What Did the High Court Decide in Mabo (No 2)?
On 3 June 1992, the High Court delivered its 6–1 ruling. Justice Gerard Brennan authored the principal judgment, holding that terra nullius had never validly applied to Australia, that the Meriam people held native title to the Murray Islands by virtue of continuous connection under traditional law, and that native title is a form of title recognised by the common law where it has not been extinguished by valid Crown action. Justices William Deane and Mary Gaudron jointly described the dispossession of Aboriginal peoples as a national legacy of unutterable shame. The sole dissenter, Justice Daryl Dawson, argued that changes of such magnitude to property law were a matter for Parliament.

| Justice | Position | Key Contribution |
|---|---|---|
| Brennan J | Majority (lead) | Authored the principal judgment defining native title doctrine |
| Mason CJ & McHugh J | Majority | Agreed terra nullius was inapplicable; recognised native title |
| Deane & Gaudron JJ | Majority | Described dispossession as a national legacy of shame |
| Toohey J | Majority | Supported recognition of native title in common law |
| Dawson J | Dissent | Argued change should come from Parliament, not courts |
What Was the Legacy of the Mabo Decision?

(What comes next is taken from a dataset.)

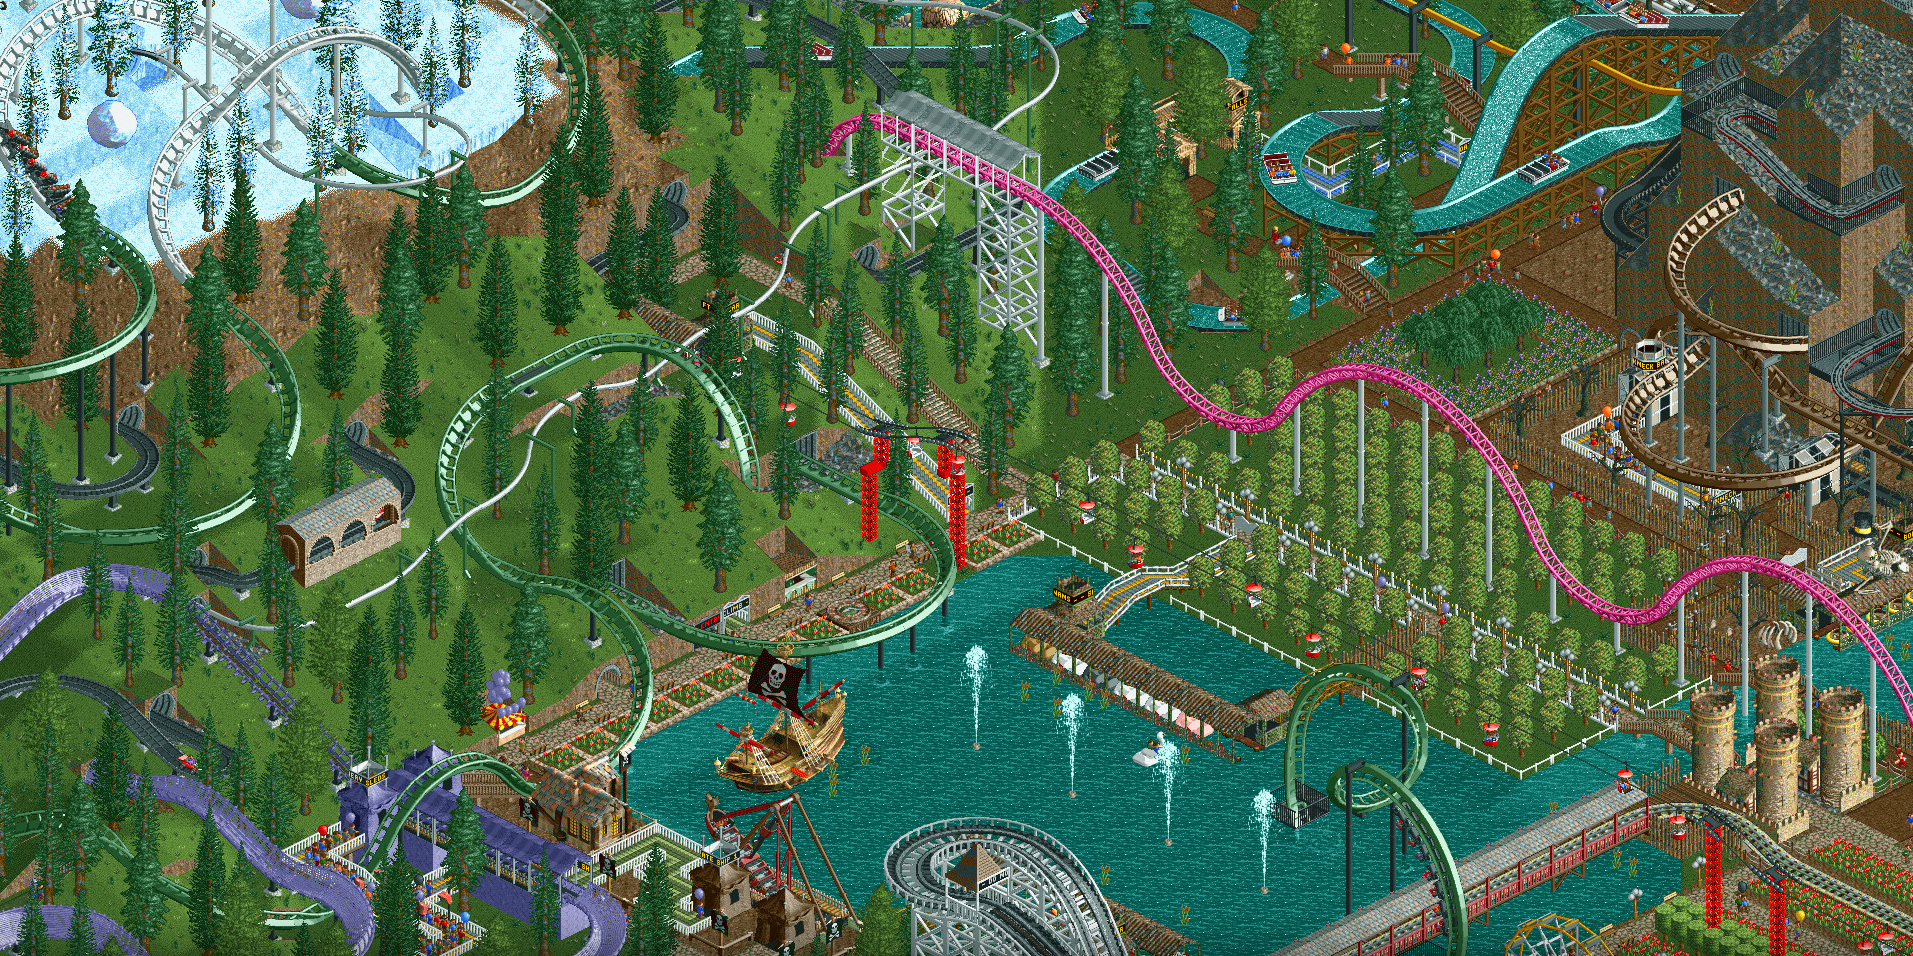  Randomizer mod for RollerCoaster Tycoon breathes life into a bonafide classic 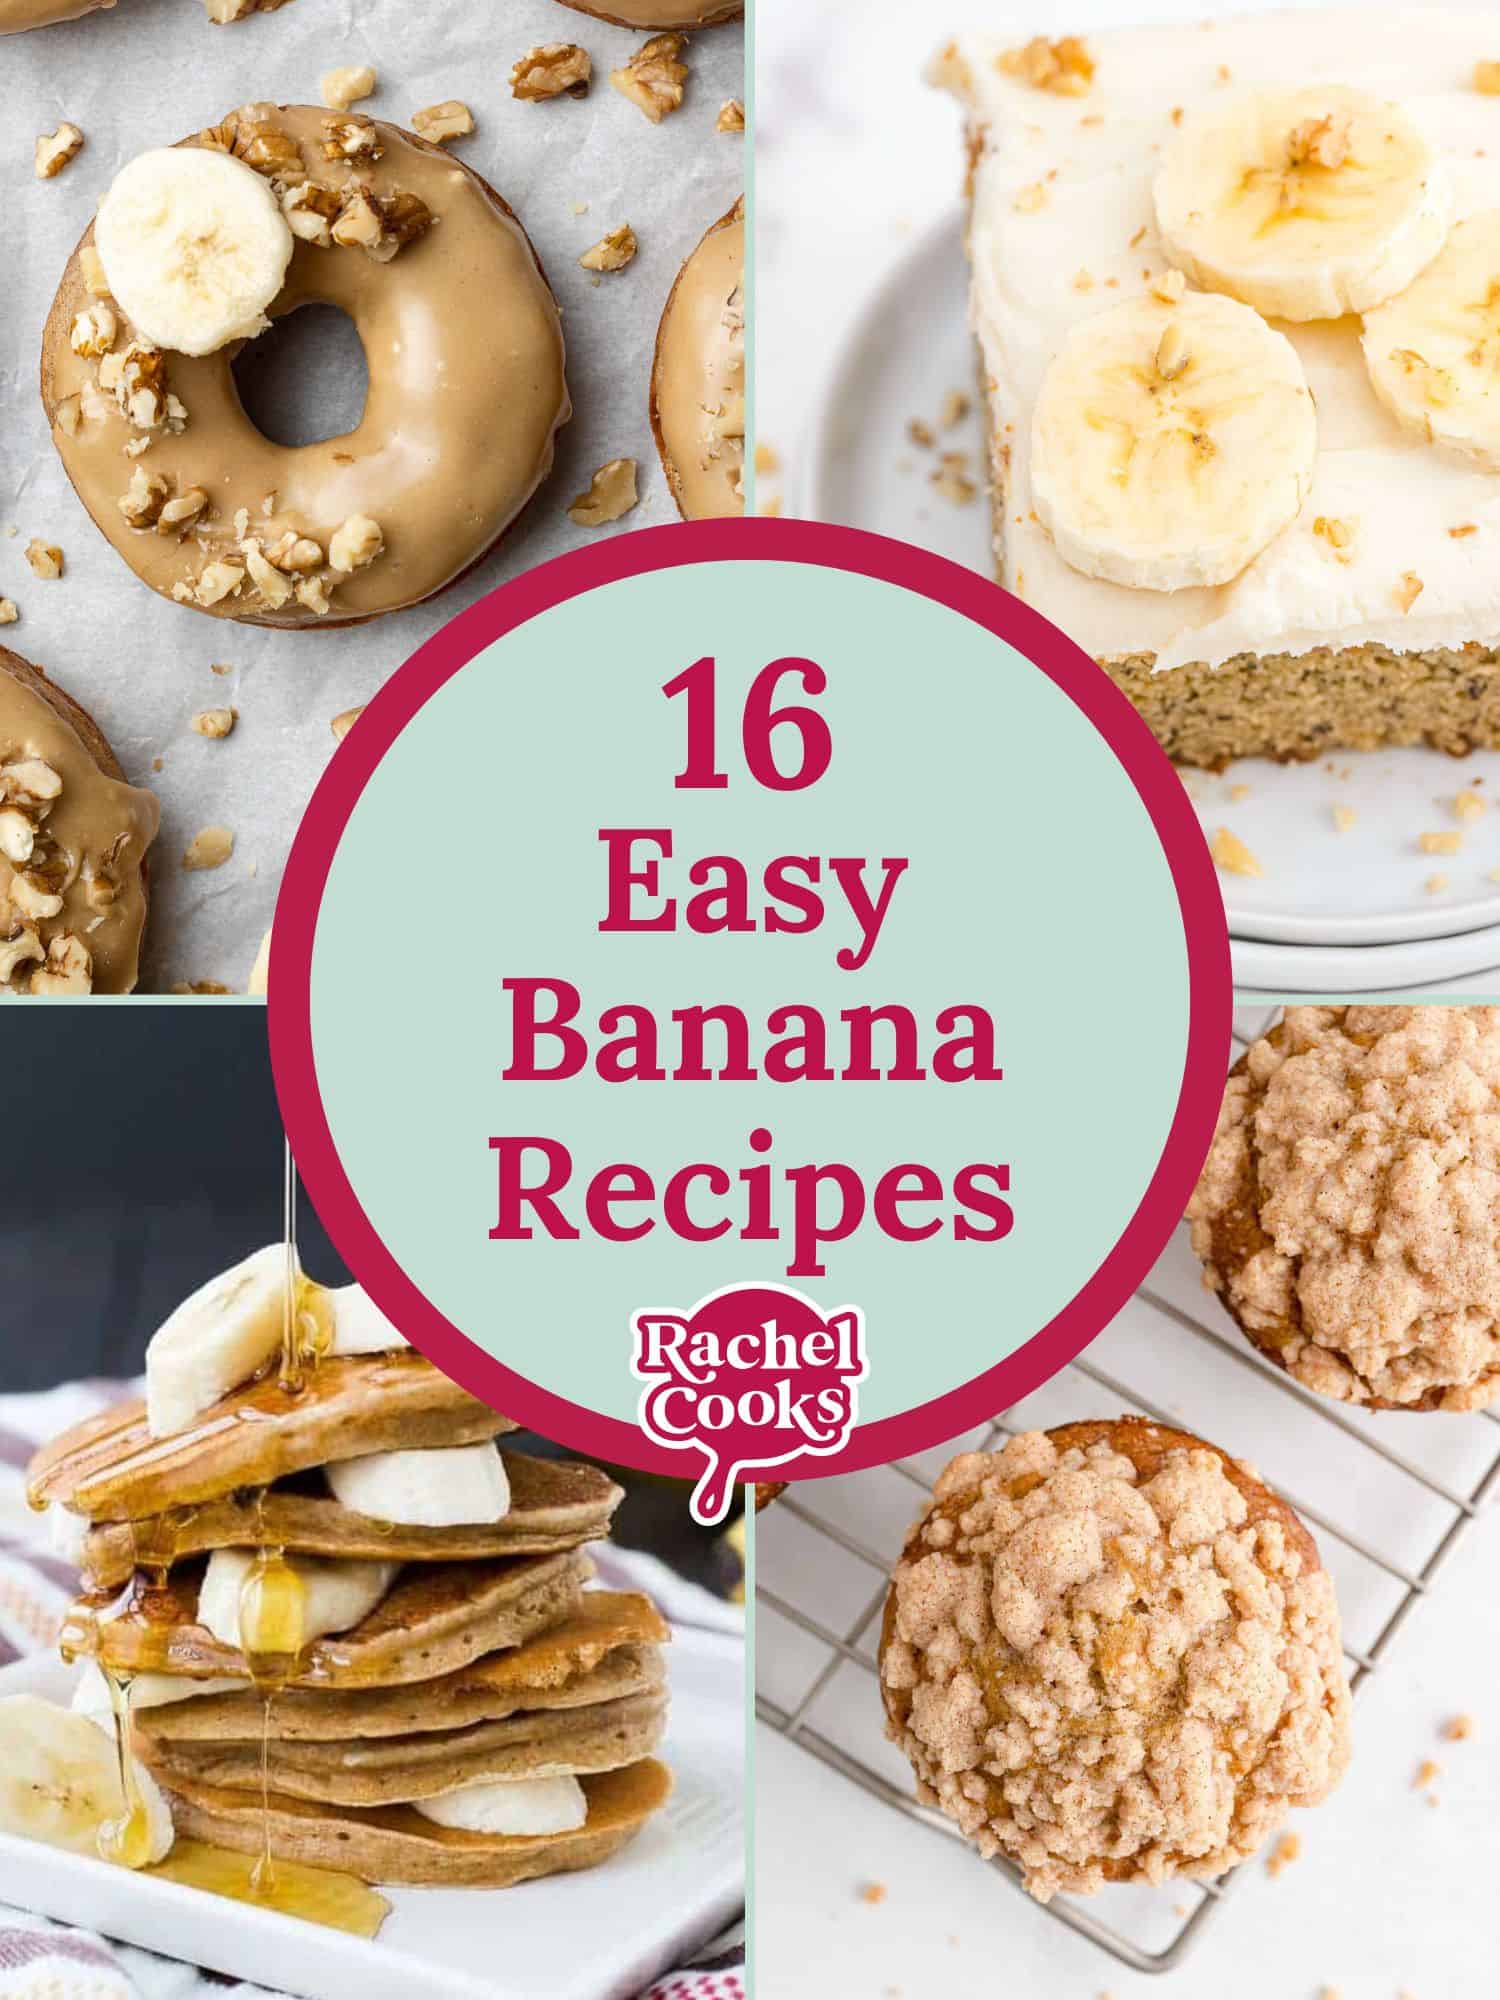 Four recipe images, text overlay reads "16 easy banana recipes."

The Mabo decision prompted Parliament to pass the Native Title Act 1993, which Prime Minister Paul Keating called the basis of a new relationship between Indigenous and non-Indigenous Australians. By 2023, over 400 native title determinations had been made, covering roughly 40 percent of Australia's landmass. The date 3 June is now observed nationally as Mabo Day. Internationally, the decision influenced Indigenous land rights jurisprudence in Canada, New Zealand, and South Africa. Eddie Mabo was posthumously awarded the Human Rights Medal in 1992, and his image appeared on an Australian postage stamp in 1993.